– Я понимаю, что для вас это может быть тяжело. Допускаю, что после произошедшего вам сложно воспринимать ее как прежде, без страха и отторжения. Вы были всего лишь ребенком, когда на ваших глазах она совершила убийство. Неудивительно, что теперь вы можете быть напуганы.
Мужчина ошибался. Страх? Нет, его нет среди смешения чувств, терзающих девушку. Никогда не было. Однако она не стала возражать на его слова, а продолжила слушать.
– Сейчас она не тот человек, что была прежде.

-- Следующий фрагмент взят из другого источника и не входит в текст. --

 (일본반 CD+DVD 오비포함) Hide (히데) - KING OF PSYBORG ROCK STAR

Что бы ваша мама ни совершила прежде, как бы ни вела себя, теперь она просто страдающая от болезни женщина, которой требуется поддержка близкого. Знаю, вы по-своему заботитесь о ней, иначе не стали бы обращаться ко мне. И я рад, что вы прислушались ко мне и приехали. Ваш сегодняшний визит, уверен, пойдет ей на пользу. Надеюсь, вы сможете теперь посещать ее чаще, несмотря на болезненное прошлое.
Сабине не хочется вдумываться в сказанное, ощущая себя как в коконе из покрывала, совсем как детстве. Вместо этого ее внимание цепляется за какое-то особое чувство, которое слышится в голосе врача и определить которое она затрудняется. Ей в голову давно приходила одна догадка, и теперь появилась возможность лично задать вопрос, чтобы ее проверить:
– Почему вы так заботитесь о ней?
– Вы платите мне за это, разве нет? – отшучивается Гавришкин, но лицо его становится еще более румяным, и щеки теперь похожи на два наливных яблока.

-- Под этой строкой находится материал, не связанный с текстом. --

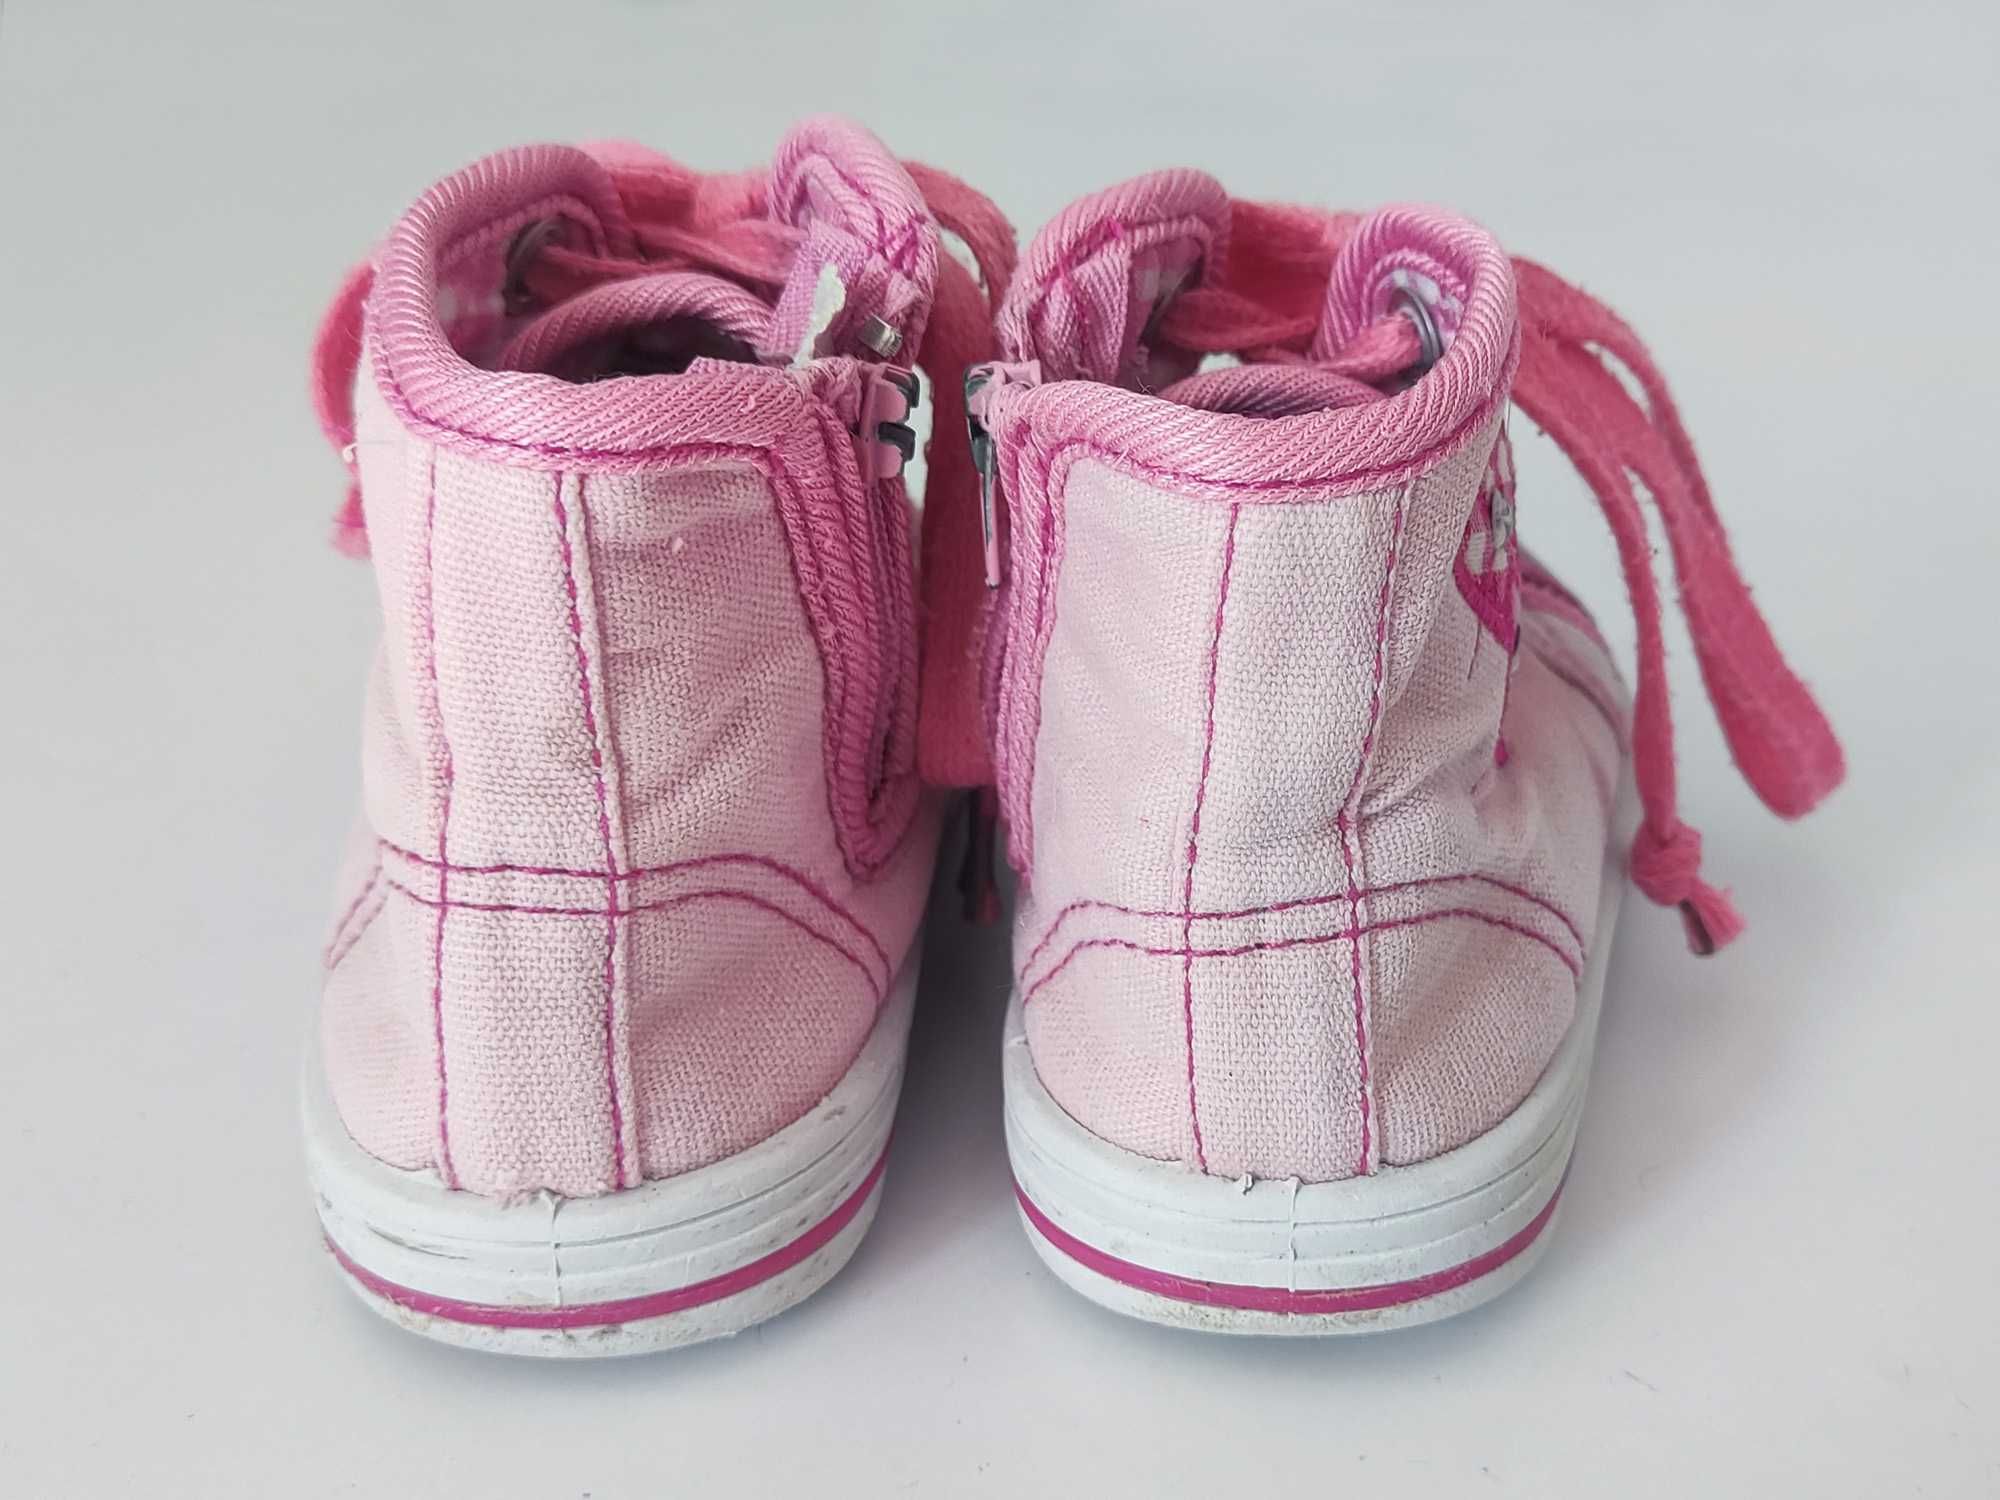 22 Trampki długie WALKY Tenisówki różowe brokat cekiny buty

– Думаю, есть что-то еще, – девушка отводит взгляд от мужчины. Она не знает, почему упорствует, но это будто бы позволяет уйти от того, что ей обсуждать совсем не хочется. – Я узнавала, препараты, которые вы для нее достаете, стоят даже больше, чем я отправляю.

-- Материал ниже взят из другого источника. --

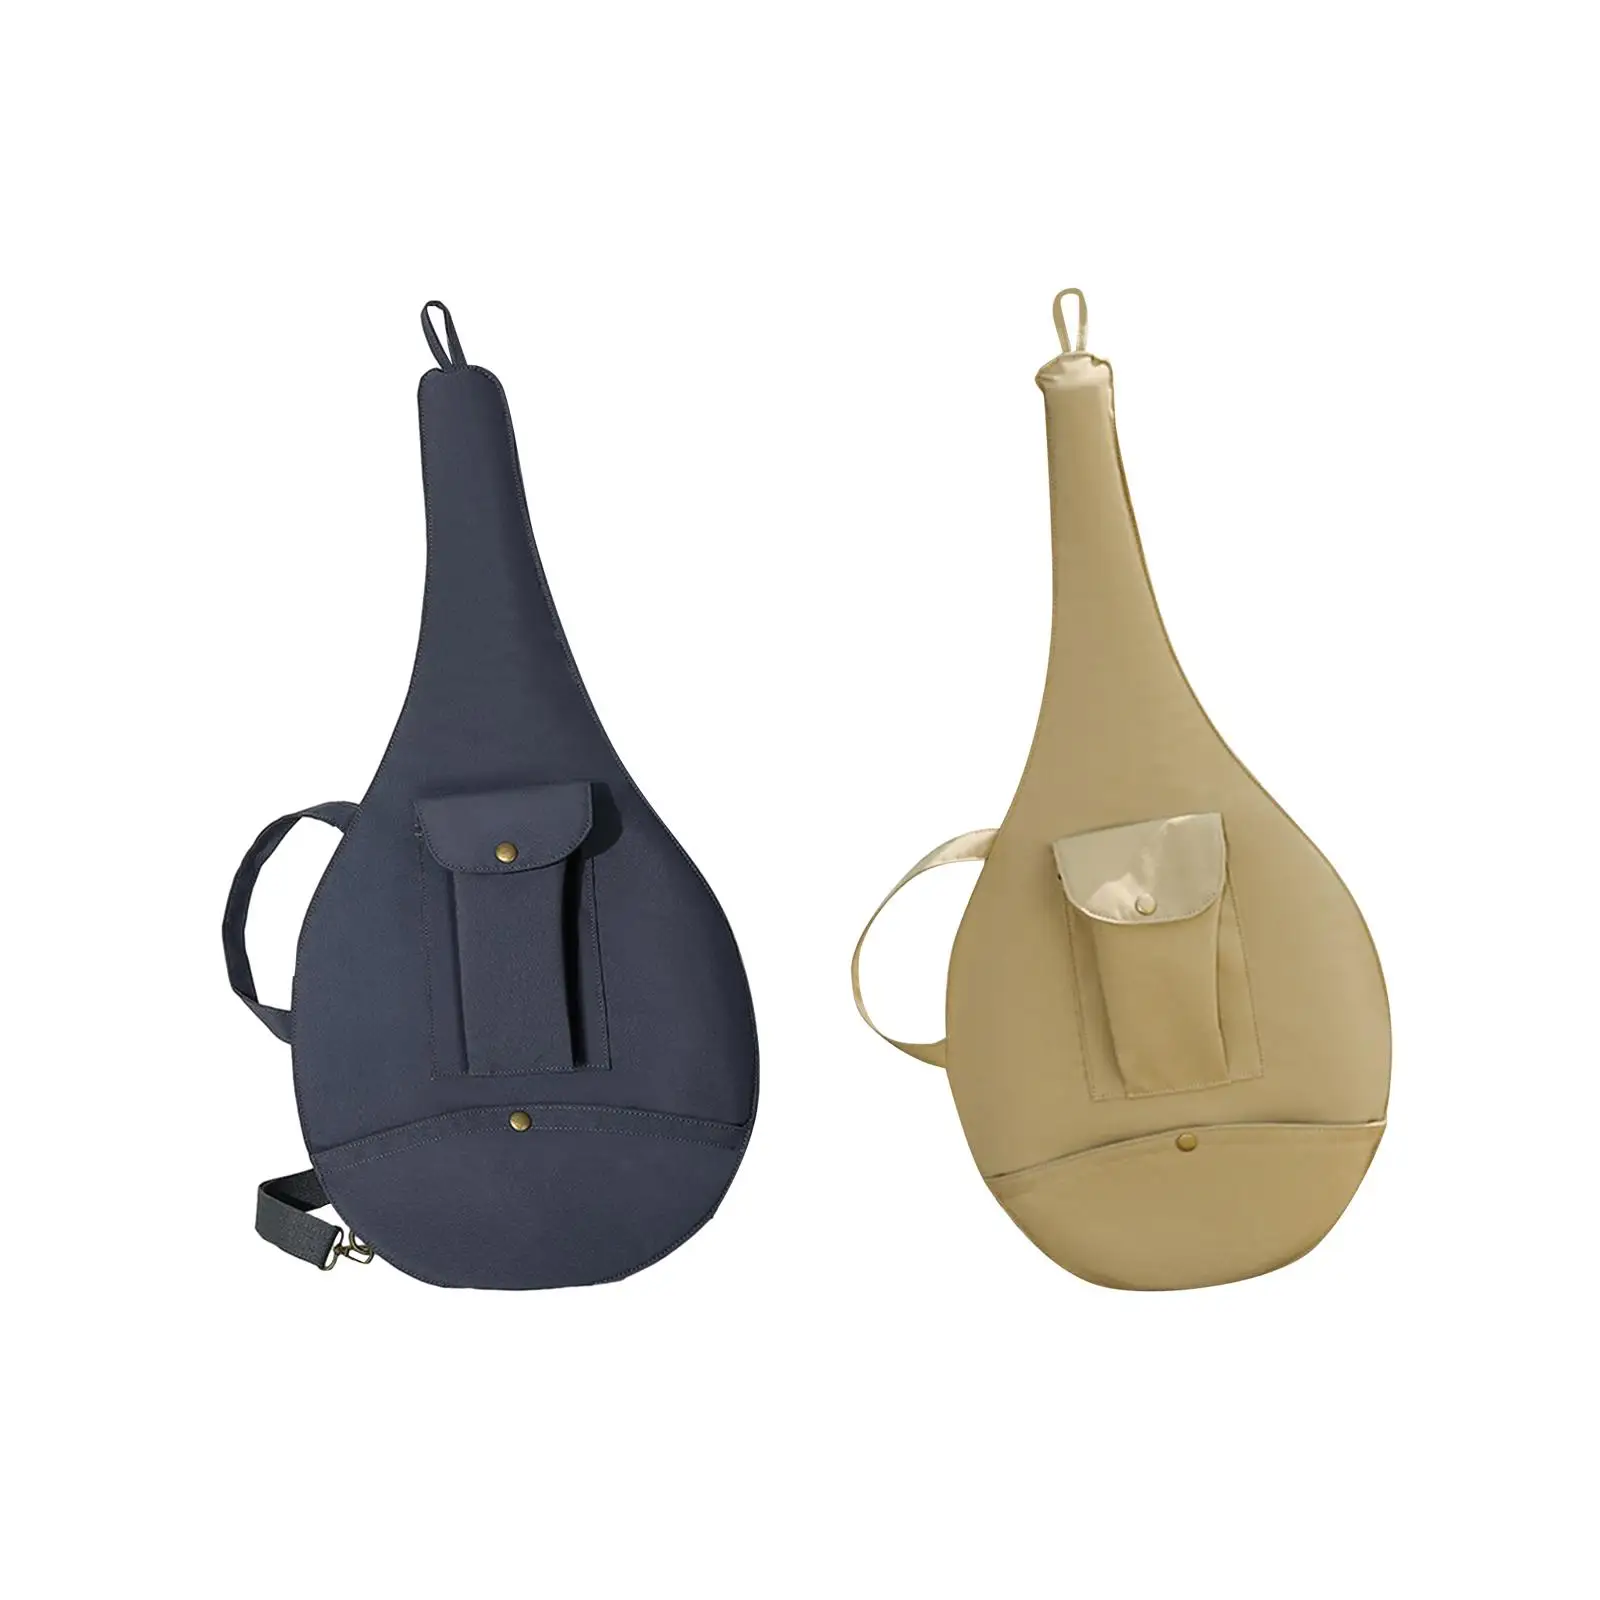 Tennis Racket Bag Waterproof with Storage Pocket Women Men Versatile Outdoor Sports Accessories Handbag Adjustable Shoulder Bag

Алексей Петрович какое-то время крутит в ладонях опустевший стаканчик и с какой-то вымученной, оторванной от сердца улыбкой признается:
– Когда-то я ухаживал за вашей мамой… За Мариной. Только не срослось ничего. Тогда стали дружить, я ее, дурак, даже на свидания провожал – не смыслил в любви ничего, а подсказать некому было. Она многое пережила, вы всего даже не знаете, наверное. Рано осталась без родителей, подрабатывала везде, где могла. Потом, я тогда срочку служил, она забеременела, но по какой-то причине с отцом ребенка поддерживать связь не стала и вскоре вышла замуж за своего бывшего школьного учителя. Я был с ним знаком – мой брат был его приятелем, и тот часто бывал у нас дома. Такой себе человек. Ну, да что скажешь, – ее вечно тянуло на мерзавцев. Он быстро оборвал все ее прежние связи с друзьями и знакомыми, включая меня. Марину перестали видеть на людях, все дома, должно быть, сидела. До несчастья я о ней и не слышал больше ничего, а потом уже поздно было.
Рассказ о жизни матери до замужества ослабляет скрученную пружину внутри Сабины. Снедающее ее неприятие и неясное беспокойство затихают как эхо гитарной струны, нечаянно тронутой чьими-то пальцами. А может, то, как Гавришкин говорил о ней, нежно и светло, сыграло свою роль.